Let's assume we have a random variable that is gamma distributed with shape alpha=2 and rate beta=3. We would expect this distribution to have mean 2/3 and standard deviation sqrt(2)/3, and indeed we see this in simulated data:
mean(rgamma(100000, 2, 3))
# [1] 0.6667945
sd(rgamma(100000, 2, 3))
# [1] 0.4710581
sqrt(2) / 3
# [1] 0.4714045
It would be pretty weird to define confidence ranges as [mean - gamma*sd, mean + gamma*sd]. To see why, consider if we selected gamma=2 in the example above. This would yield confidence range [-0.276, 1.609], but the gamma distribution can't even take on negative values, and 4.7% of data falls above 1.609. This is at the very least not a well balanced confidence interval.
A more natural choice might by to take the 0.025 and 0.975 percentiles of the distribution as a confidence range. We would expect 2.5% of data to fall below this range and 2.5% of data to fall above the range. We can use qgamma to determine that for our example parameters the confidence range would be [0.081, 1.857].
qgamma(c(0.025, 0.975), 2, 3)
# [1] 0.08073643 1.85721446
The mean expected value of a gamma is:
E[X] = k * theta
The variance is Var[X] = k * theta^2 where, k is shape and theta is scale.
But typically I would use 95% quantiles to indicate data spread.
Is there a function or an elegant way in the R language, to get the minimum range, that covers, say 95% of all values in a vector?
Any suggestions are very welcome :)
95% of the data will fall between the 2.5th percentile and 97.5th percentile. You can compute that value in R as follows:
x <- runif(100)
quantile(x,probs=c(.025,.975))
To get a sense of what's going on, here's a plot:
qts <- quantile(x,probs=c(.05,.95))
hist(x)
abline(v=qts[1],col="red")
abline(v=qts[2],col="red")
Note this is the exact/empirical 95% interval; there's no normality assumption.
It's not so hard to write such function:
find_cover_region <- function(x, alpha=0.95) {
n <- length(x)
x <- sort(x)
k <- as.integer(round((1-alpha) * n))
i <- which.min(x[seq.int(n-k, n)] - x[seq_len(k+1L)])
c(x[i], x[n-k+i-1L])
}
Function will find shortest interval.
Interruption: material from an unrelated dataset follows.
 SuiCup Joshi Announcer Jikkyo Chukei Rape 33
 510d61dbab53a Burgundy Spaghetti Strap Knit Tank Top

If there are intervals with the same length first (from -Inf) will be picked up.
find_cover_region(1:100, 0.70)
# [1] 1 70
find_cover_region(rnorm(10000), 0.9973) # three sigma, approx (-3,3)
# [1] -2.859 3.160 # results may differ
You could also look on highest density regions (e.g. in package hdrcde, function hdr). It's more statistical way to find shortest intervals with given cover probability (some kernel density estimators are involved).
The emp.hpd function in the TeachingDemos package will find the values in a vector that enclose a given percentage of the data (95%) that also give the shortest range between the values. If the data is roughly symmetric then this will be close to the results of using quantile, but if the data are skewed then this will give a shorter range.
If the values are distributed approximately like the normal distribution, you can use the standard deviation. First, calculate the mean µ and standard deviation of the distribution. 95% of the values will be in the interval of (µ - 1.960 * stdev, µ + 1.960 * stdev).